Intergenomic co-linearity is often used to directly identify ancient WGD and to reconstruct ancestral karyotypes in vertebrates [48,53,55]. We performed intergenomic co-linearity and synteny analysis between Astreopora sp1 and A. tenuis to support IAsα. First, we found great co-linearity between Astreopora sp1 and A. tenuis. Second, more duplicated scaffold segments were observed in A. tenuis than in Astreopora sp1 (Supplementary Fig 6) and we also found that some duplicated regions were located in different scaffolds in A. tenuis (Supplementary Fig 6).
In summary, we clearly established IAsα using the dS-based method, phylogenomic and synteny analyses. Moreover, we suggest that IAsα probably occurred between 27.86 and 35.7 Mya (Fig 1b).
The fate of duplicated genes originating from IAsα
Duplicated genes provide substrates for diversification and evolutionary novelty, and most of them are regulators of complex gene networks in vertebrates and plants [23,48,56]. We examined gene ontology (GO) for all genes among the 154 high-quality core-orthogroups to investigate their roles in IAsα and found that their molecular functions have been enriched in specific categories; transporter, catalytic, binding, and receptor activity, most of which are involved in gene regulation (Table 1).
Further, we identified some duplicated genes under subfunctionalization and neofunctionalization, possibly contributing to stress responses of corals. dnaJ homolog subfamily B member 11-like (DNAJB) protein was shown to be involved in heat stress responses in marine organisms [57,58]. Orthogroups 1247 (DNAJB) has two main domains (Ras and Dnaj domains) in Astreopora sp1 representing the ancient state.
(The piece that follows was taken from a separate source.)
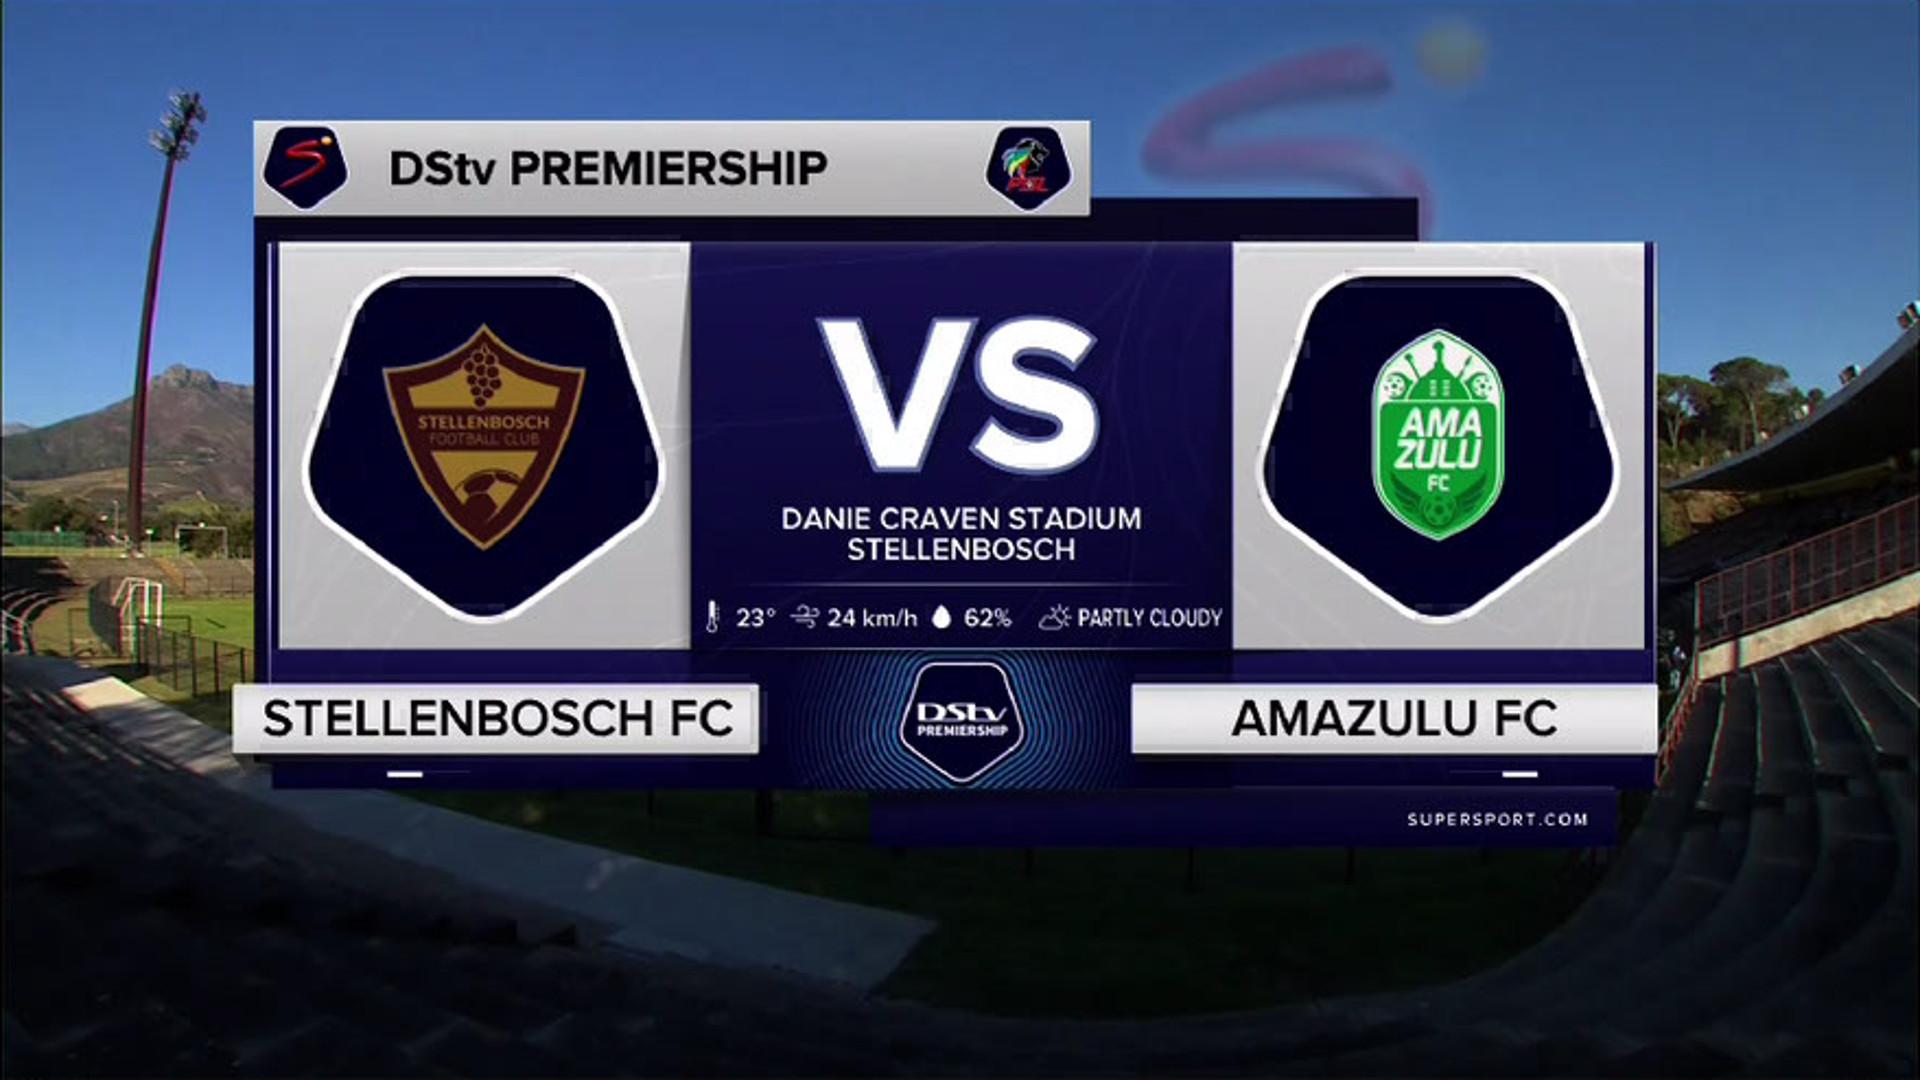 DStv Premiership I Stellenbosch FC v AmaZulu l Highlights

Each of the two domains was independently lost in the duplicated genes, resulting in complementary functions of the duplicated genes after IAsα (Fig 3a and Supplementary Figs 7). Excitatory amino acid transporters may be related to symbiotic interactions in Acropora [59]. Orthogroups 1244 (excitatory amino acid transporter 1-like) was predicted as a six transmembrane protein, and a high number of mutations have accumulated in both untransmembrane and transmembrane regions, suggesting that new functions would be generated (Fig 3b and Supplementary Figs 8). These examples suggest that IAsα participates in both stress responses and symbiotic interactions in Acropora. Moreover, these results accord with previous patterns of the fate of duplicated genes in vertebrates and plants [17,19,23,48], indicating that the IAsα possibly contributes to the species complexity and diversification in Acropora.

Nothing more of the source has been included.